Fig 1. Object categorization.

Fig 1

(a) Examples of stimuli from the modified Snodgrass and Vanderwart stimulus set [21]. Stimulus images courtesy of Michael J. Tarr, Center for the Neural Basis of Cognition and Department of Psychology, Carnegie Mellon University, http://www.tarrlab.org/. (b) Human (n = 10 for each variant of the stimulus set) and convnet (CaffeNet, VGG-19, GoogLeNet) accuracy in naming objects. For each stimulus set variant, mean human performance is indicated by a gray horizontal line, with the gray surrounding band depicting 95% bootstrapped confidence intervals. Error bars on model performance also depict 95% bootstrapped confidence intervals. (c) A consistency between human and convnet naming of objects.
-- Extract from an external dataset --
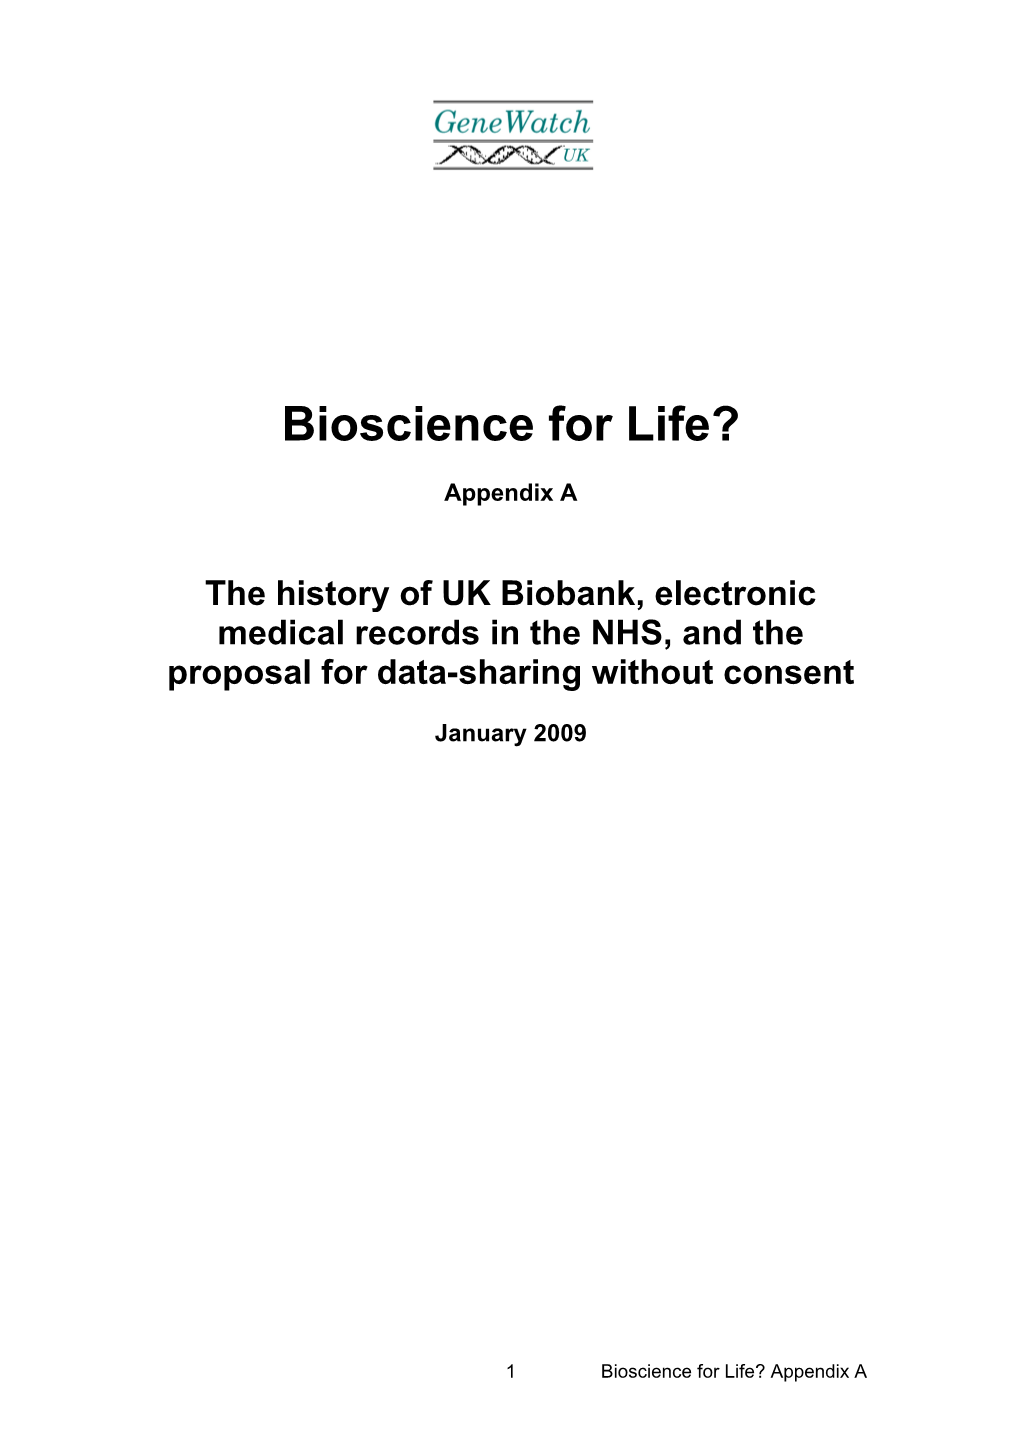 History of UK Biobank, Electronic Medical Records in the NHS, and the Proposal for Data-Sharing Without Consent

A consistency of .5 means that about half of responses (whether correct or not) we consistent between a model and an average of humans. Error bars indicate 95% bootstrapped confidence intervals. Gray bands indicate estimated ceiling performance based on between-human consistency. (d) Correlation with human performance on the silhouette stimulus set. The x-axis depicts an average human accuracy for a particular silhouette [15] and the y-axis depicts GoogLeNet performance on the same silhouette (either correct (value 1.0) or incorrect (value 0.0)). Model’s performance is jittered on the x- and y-axis for better visibility. Dark gray bubbles indicate average model’s performance for 11 bins of human performance (i.e., 0–5%, 5–15%, 15–25%, etc.) with the size of each bubble reflecting the number of data points per bin. The orange line shows the logistic regression fit with a 95% bootstrapped confidence interval (light orange shaded). The slope of the logistic regression is reliably different from zero.